Here’s the thing about space stocks: they’re either the future or they’re a spectacular way to lose money. Right now, they’re looking more like the former.
Rocket Lab just dropped a bombshell—acquiring Iridium Communications for roughly $8 billion in a cash-and-stock deal. Translation? They’re now vertically integrated like SpaceX, owning both the rockets and the network they serve. Wall Street loved it. RKLB popped 16% yesterday.
But here’s what’s wild: if you’d been reading the right newsletters back in September 2025, you’d already be up 102% on this stock. RKLB, BlackSky, Planet Labs, AST SpaceMobile—these were the names flagged when everyone was obsessing over SpaceX mania. The space sector is consolidating, and consolidation at this scale means serious money now sees space infrastructure as a generational asset, not a Vegas bet.
Of course, the sector’s had a rough ride. Blue Origin’s rocket explosion in May spooked everyone. Then SpaceX went public at a $2 trillion valuation, and investors rotated out of smaller names like they were on fire. SPCX itself tanked 30% from its post-IPO peak after announcing a $20-25 billion bond sale for Musk’s AI ventures. The whole sector came down with it.

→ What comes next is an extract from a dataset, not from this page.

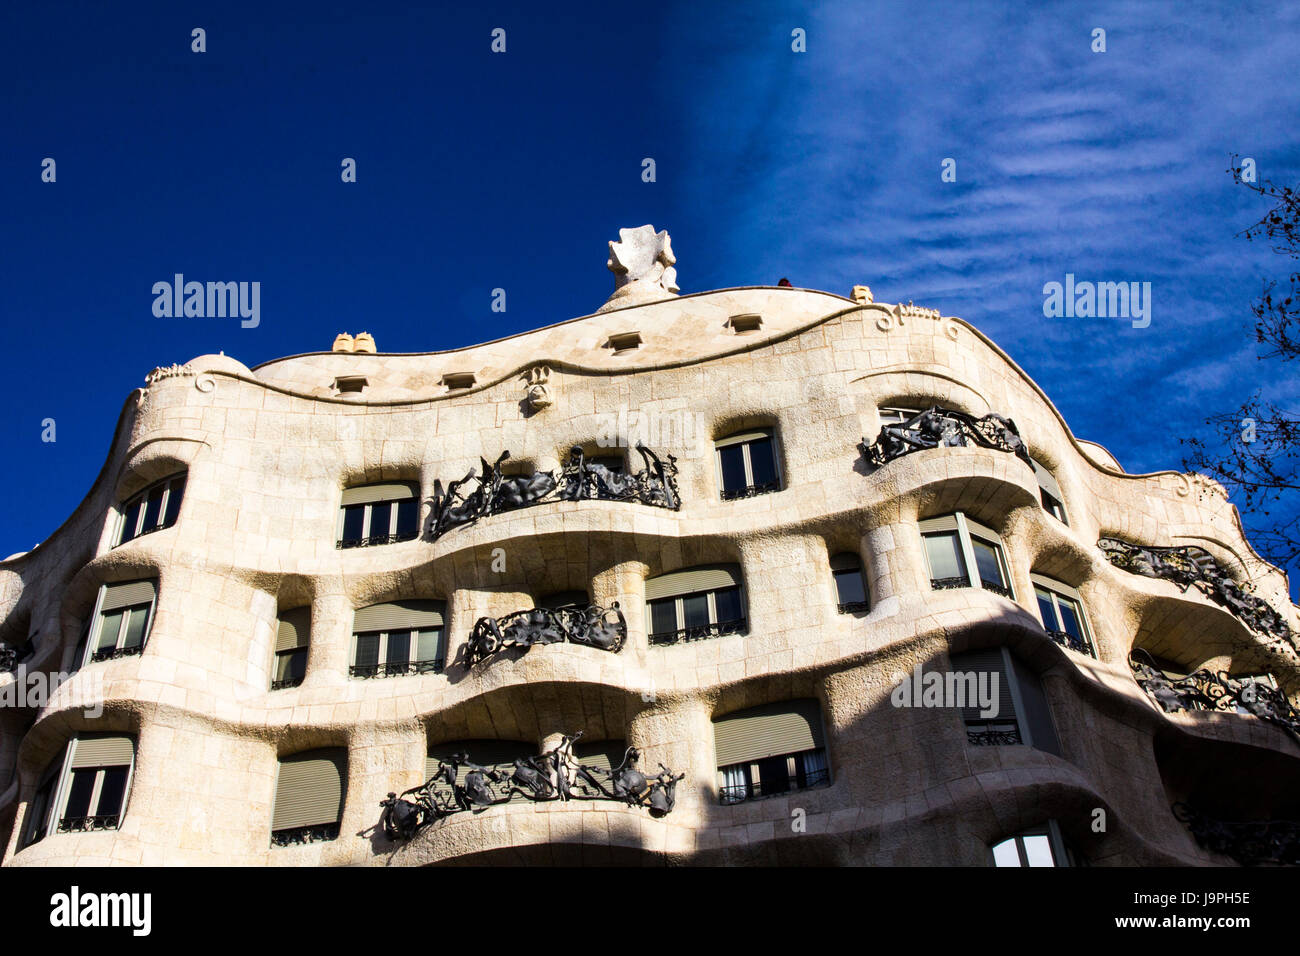 La Casa Milà, llamada popularmente La Pedrera, es un edificio modernista de Gaudí destaca por su fachada ondulante y torcer sus balcones de hierro forjado. Foto de stock

So which space stocks actually survive? Here’s the unsexy answer: watch the numbers, not the narrative. Earnings momentum, sales growth, institutional buying pressure—that’s what separates the winners from the zeros.
Louis Navellier’s quantitative system rates Planet Labs an “A” right now. The company operates the world’s largest Earth-observation satellite fleet—over 200 satellites imaging the entire planet daily. Governments, defense contractors, agricultural companies, insurance firms—they all use this data to make better decisions. The stock got cut nearly in half in the crash, but the business didn’t change. Just the price tag.
Here’s the kicker: the real opportunities aren’t the obvious space plays. They’re the picks-and-shovels businesses—materials companies, semiconductor foundries, the infrastructure that makes the whole thing run. Almost nobody’s looking at them, which is exactly why they’re interesting.
Bottom line? Space is real. The opportunity is real. But not every company with “space” in its pitch deck survives. The ones with actual earnings and institutional backing? Those are worth watching.